Download the binary for your platform from the [Releases](https://github.com/ironsheep/image_tools_mcp/releases) page.

| Platform | Binary | OCR |
|----------|--------|-----|
| Linux AMD64 | `image-tools-mcp-v*-linux-amd64` | Embedded |
| Linux ARM64 | `image-tools-mcp-v*-linux-arm64` | Embedded |
| macOS Intel | `image-tools-mcp-v*-darwin-amd64` | Requires Tesseract |
| macOS Apple Silicon | `image-tools-mcp-v*-darwin-arm64` | Requires Tesseract |
| Windows AMD64 | `image-tools-mcp-v*-windows-amd64.exe` | Requires Tesseract |
| Windows ARM64 | `image-tools-mcp-v*-windows-arm64.exe` | Requires Tesseract |

See [INSTALL.md](INSTALL.md) for detailed setup instructions, including Tesseract installation.

### 2. Configure MCP Client

Add to your Claude Desktop or Claude Code configuration:

```json
{
"mcpServers": {
"image-tools": {
"command": "/path/to/image-tools-mcp"
}
}
}
```

### 3. Use with Claude

Once configured, Claude can use tools like:

```
"Load the image and tell me its dimensions"
→ image_load("/path/to/diagram.png")

"What color is the header at position (100, 50)?"
→ image_sample_color with x=100, y=50

"Find all the boxes in this diagram"
→ image_detect_rectangles

"Read the text in the image"
→ image_ocr_full
```

## Documentation

- **[INSTALL.md](INSTALL.md)** - Detailed installation for all platforms, Tesseract setup, container deployment
- **[DOCs/API.md](DOCs/API.md)** - Complete API reference for all 18 tools
- **[CHANGELOG.md](CHANGELOG.md)** - Version history and release notes
- **[COVERAGE.md](COVERAGE.md)** - Test coverage report (87.1% overall)

## Example Workflow: Recreating a Diagram

```
1. Get dimensions → image_dimensions → {width: 800, height: 600}
2. Extract colors → image_dominant_colors → [#FFFFFF, #336699, #333333]
3. Read text labels → image_ocr_full → "Input → Process → Output"
4. Find boxes → image_detect_rectangles → [{x:50, y:80, w:100, h:60}, ...]
5. Find connecting arrows → image_detect_lines → [{start, end, has_arrow: true}, ...]
6. Zoom into details → image_crop with scale=2.0
```

## Platform Notes

**Linux (AMD64 and ARM64)** includes embedded Tesseract OCR - full functionality with no additional setup.

**macOS and Windows** use CLI fallback for OCR. Install Tesseract for full OCR support:
- macOS: `brew install tesseract` or `sudo port install tesseract`
- Windows: [UB Mannheim installer](https://github.com/UB-Mannheim/tesseract/wiki) or `choco install tesseract`

Non-OCR tools (image loading, cropping, color sampling, measurements, shape detection) work on all platforms without additional setup.

## Container Deployment

For adding to existing Docker containers, download the `container-tools-*.tar.gz` package from Releases.
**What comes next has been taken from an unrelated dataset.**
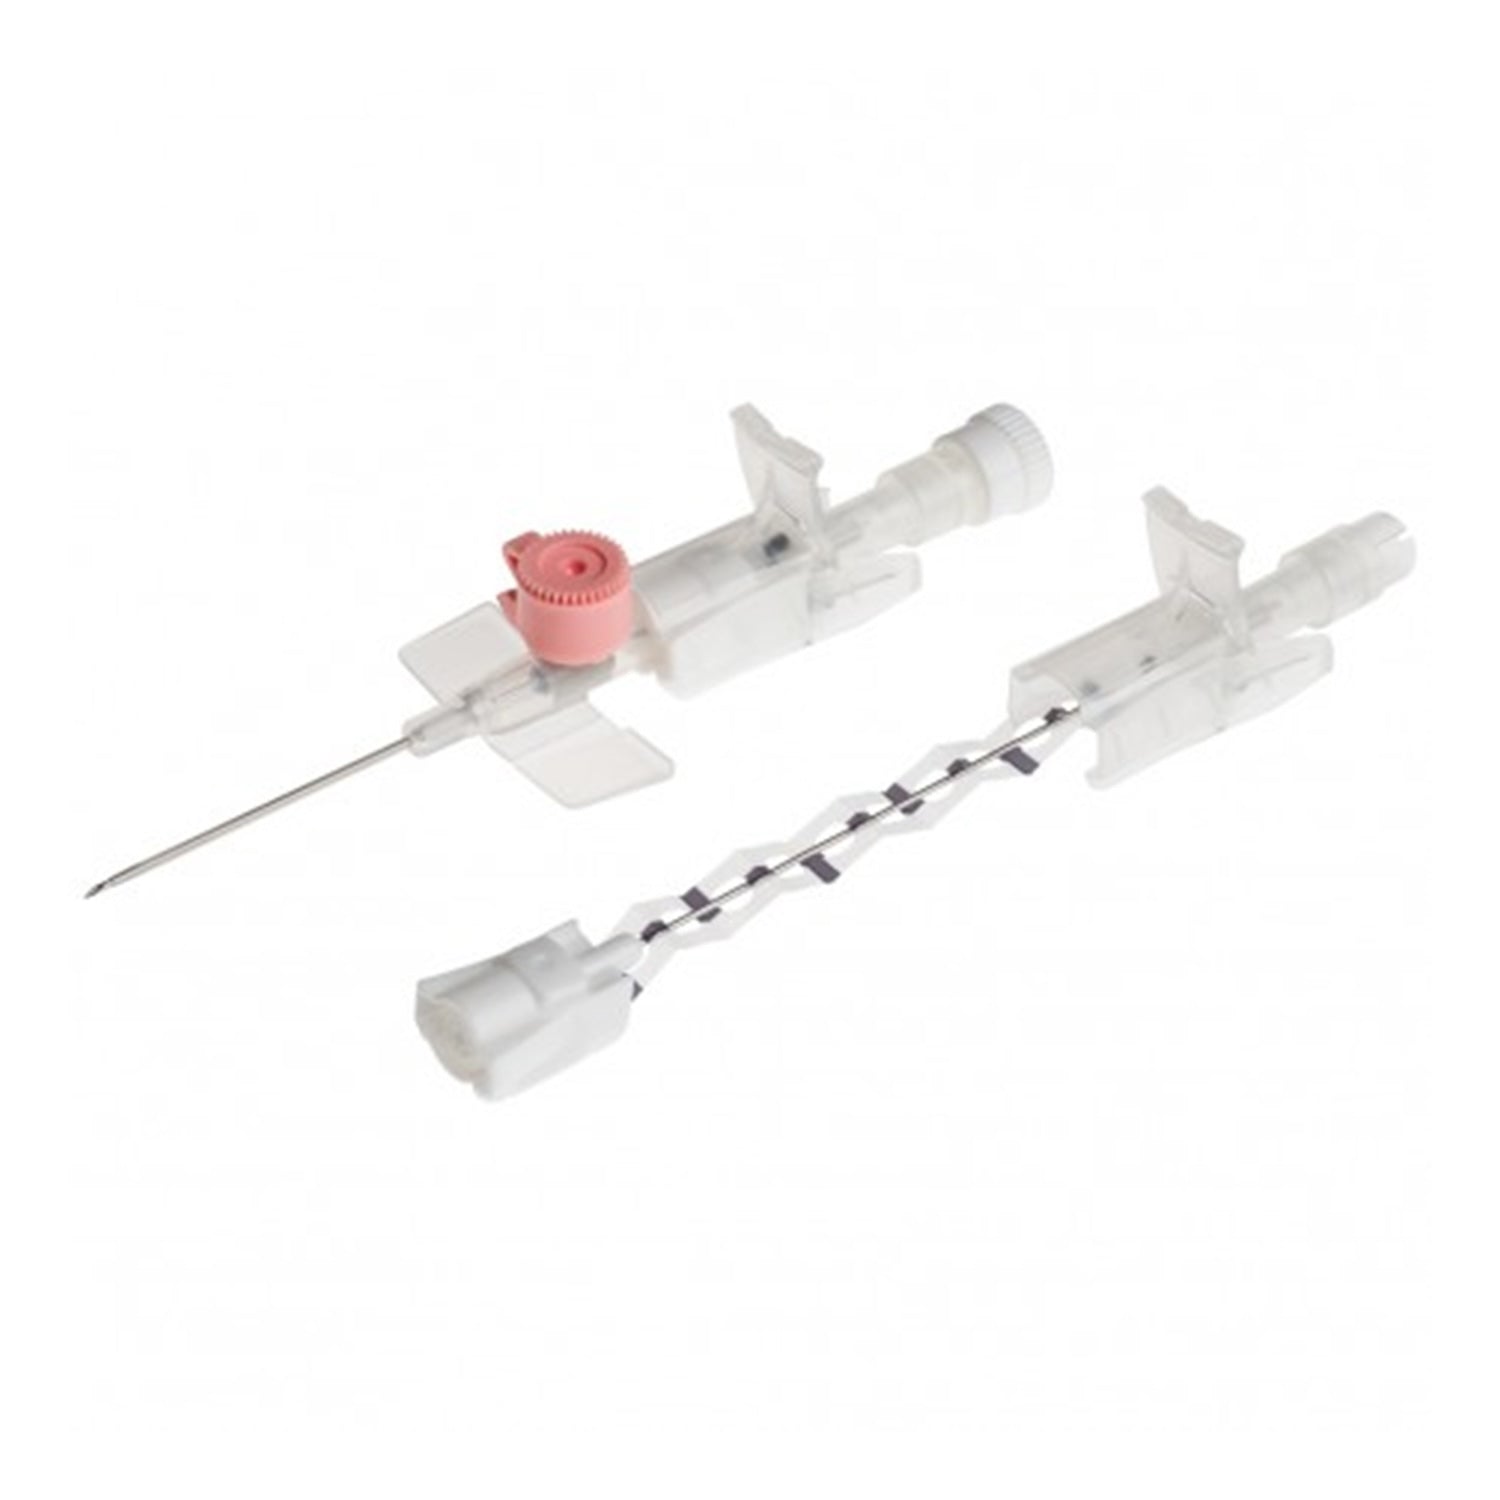 BD Venflon Pro Safety Peripheral IV Cannula with Injection Port | Pink | 20G x 32mm | Pack of 50 (2)

See [INSTALL.md](INSTALL.md#container-deployment) for details.

## Development

```bash
# Clone and build
git clone https://github.com/ironsheep/image_tools_mcp.git
cd image_tools_mcp
make build

# Run tests
make test

# Test MCP protocol
echo '{"jsonrpc":"2.0","id":1,"method":"tools/list"}' | ./image-tools-mcp
```

## License

MIT License - see [LICENSE](LICENSE) file.

## Contributing

Contributions welcome! Please open an issue to discuss changes before submitting PRs.